Pour finir sur la famille Labadié/Espardeille, on peut dire
que le destin s’est acharné sur elle dans la mesure où sur la paroisse de
Ribaute, on relève les décès suivants :
- Marie, décédée le 26 janvier 1759 à l’âge de 14 mois
- Paul, décédé le 19 septembre 1759 à l’âge de 4 ans
- Raymond, décédé le 2 août 1760 à l’âge de 7 ans
- Marie Thérèse, décédée le 9 octobre 1762 à l’âge de 21 mois
- Jeanne Anne Rosalie, décédée le 9 août 1763 à l’âge de 2 ans
Il est par ailleurs indiqué que Paul et Raymond sont nés à
Fabrezan où leur père était jardinier et sur l’acte de décès de Marie, on
apprend que Paul Labadié, originaire de Fabrezan est à Ribaute depuis 4
mois. Quant à l’acte de décès de Jeanne
Anne Rosalie, il nous apprend que les parents sont de Camplong.
Ces informations nous permettent de déterminer le trajet de
Paul Labadié et de son épouse puisqu’ils étaient d’abord à Fabrezan jusqu’au
printemps 1759, date à laquelle ils ont migré à Ribaute, où sont nées leurs
trois filles Catherine, Marie Thérèse et Jeanne Anne Rosalie.
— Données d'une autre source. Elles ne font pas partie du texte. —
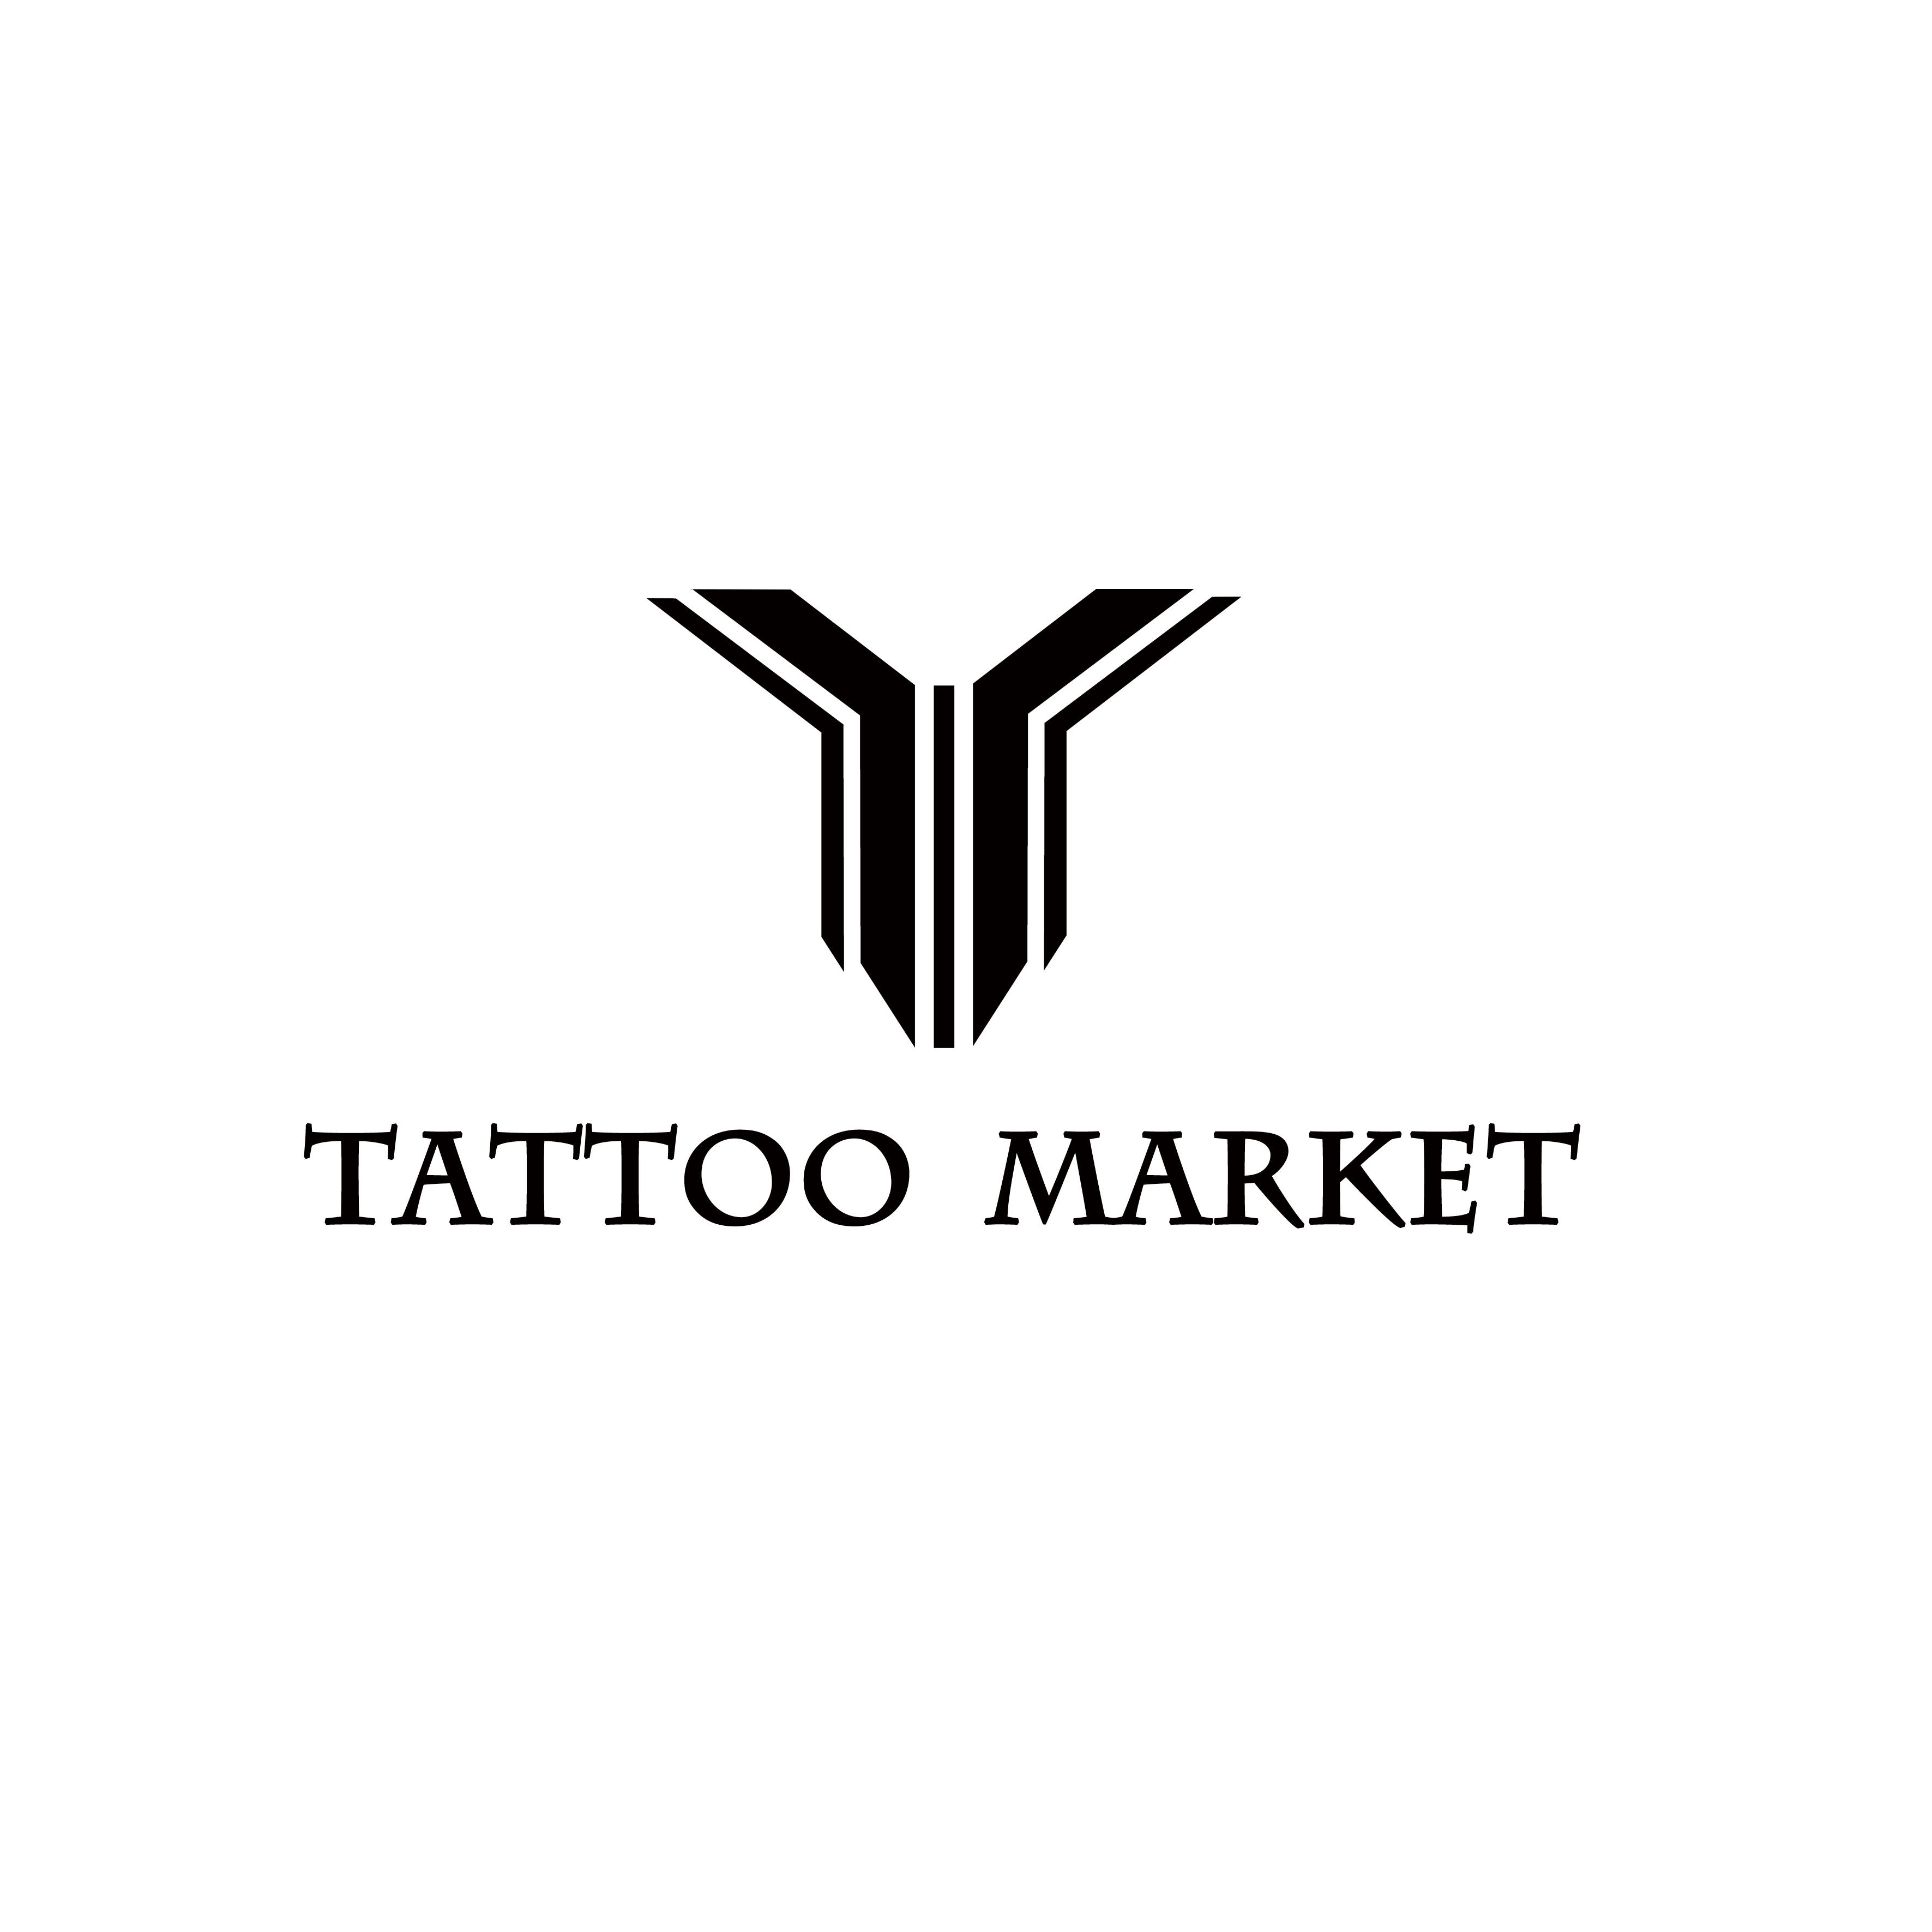 Редизайн логотипа магазина тату оборудования TattooMarket.ru фото f_3395c39cedcc509c.jpg

Mais ils ne sont
restés dans cette paroisse que jusqu’en 1763 puisque Jeanne Anne Rosalie est décédée à Camplong et que l’enfant dont le
courrier cité plus haut est le sujet y est né.
Reste à savoir pourquoi le curé de Fabrezan a averti son
collègue de Ribaute de ce baptême puisque d’après ce qu’on comprend, les
parents n’y habitaient plus …
Pour finir sur une note plus positive, je n’ai pas retrouvé
d’actes de décès de Catherine Labadié ni d’un autre enfant de la famille dans
les années qui ont suivi 1763. Cela signifie soit que la famille a encore
déménagé, soit que ces enfants ont survécu.
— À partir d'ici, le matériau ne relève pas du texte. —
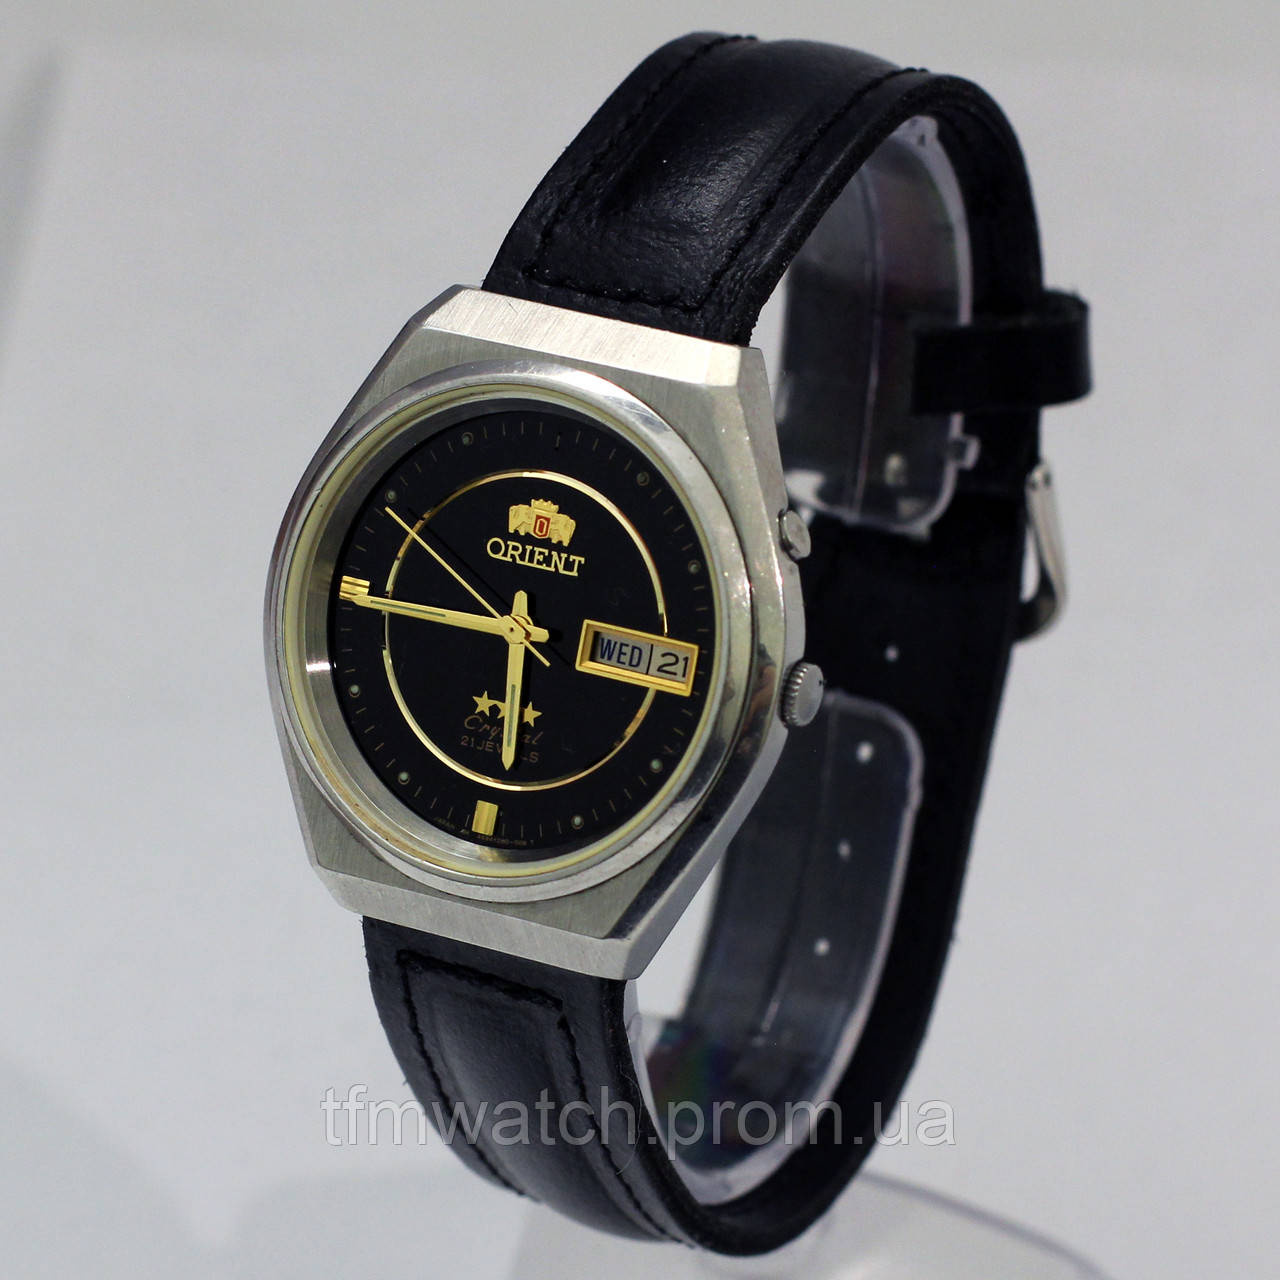 Ориент 3 звезды мужские часы

Quoiqu’il en soit, cela montre qu’un document a priori
anodin peut se révéler riche d’informations car il apporte un éclairage précis
sur la vie de nos paroisses. On peut donc compléter une généalogie avec ces
éléments et même trouver des indices pour découvrir où un de nos ancêtres
habitait et le suivre « à la trace ».